Editor's Note: IBM Watson Analytics is no longer available for purchase, as of July 31, 2018.

IBM Watson Analytics (which begins at $30 per user per year for the Plus edition) has gained wide recognition in the self-service business intelligence (BI) space thanks in part to an ever-present marketing campaign.

All of the buzz is deserved because this application is a winner with its technical capabilities.

Its highly advanced analytics engine works with a stellar natural language querying platform to make BI as easy to learn as it is powerful.

When you start using IBM Watson Analytics, it's clear that the machine learning (ML) and artificial intelligence (AI) behind it is an impressive accomplishment.

The assistant serves the roles of both servant and guide for users with varying levels of data science and data visualization expertise.

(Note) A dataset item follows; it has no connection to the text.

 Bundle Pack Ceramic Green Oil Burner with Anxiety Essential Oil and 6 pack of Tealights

IBM Watson Analytics gets our Editors' Choice designation along with Microsoft Power BI and Tableau Desktop.

The guidance prompts in IBM Watson Analytics are very helpful for users who are new to analytics and to seasoned business analysts who would rather focus on getting rapid feeds of insights rather than on how the data is cooked.

Yet the tool enables those with deep data science skills to skip past the prompts and move directly to deep dives and decision trees.

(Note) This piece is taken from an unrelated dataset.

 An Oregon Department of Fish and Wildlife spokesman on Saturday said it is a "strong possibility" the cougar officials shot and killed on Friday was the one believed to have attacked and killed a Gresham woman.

It's a fine line to serve users on the entire spectrum of skills well, but IBM Watson Analytics pulls it off better than expected.

There are 32 connectors to ease use of data from those sources.

A sample listing of business connectors includes spreadsheets (CSV, XLS, TXT), Eventbrite, Hubspot, OneDrive, Paypal, SugarCRM, SurveyMonkey, and Twitter.

It's interesting that IBM Watson Analytics lists a Twitter connector for use, but users must access IBM Watson Social Media for the rest of the social tools.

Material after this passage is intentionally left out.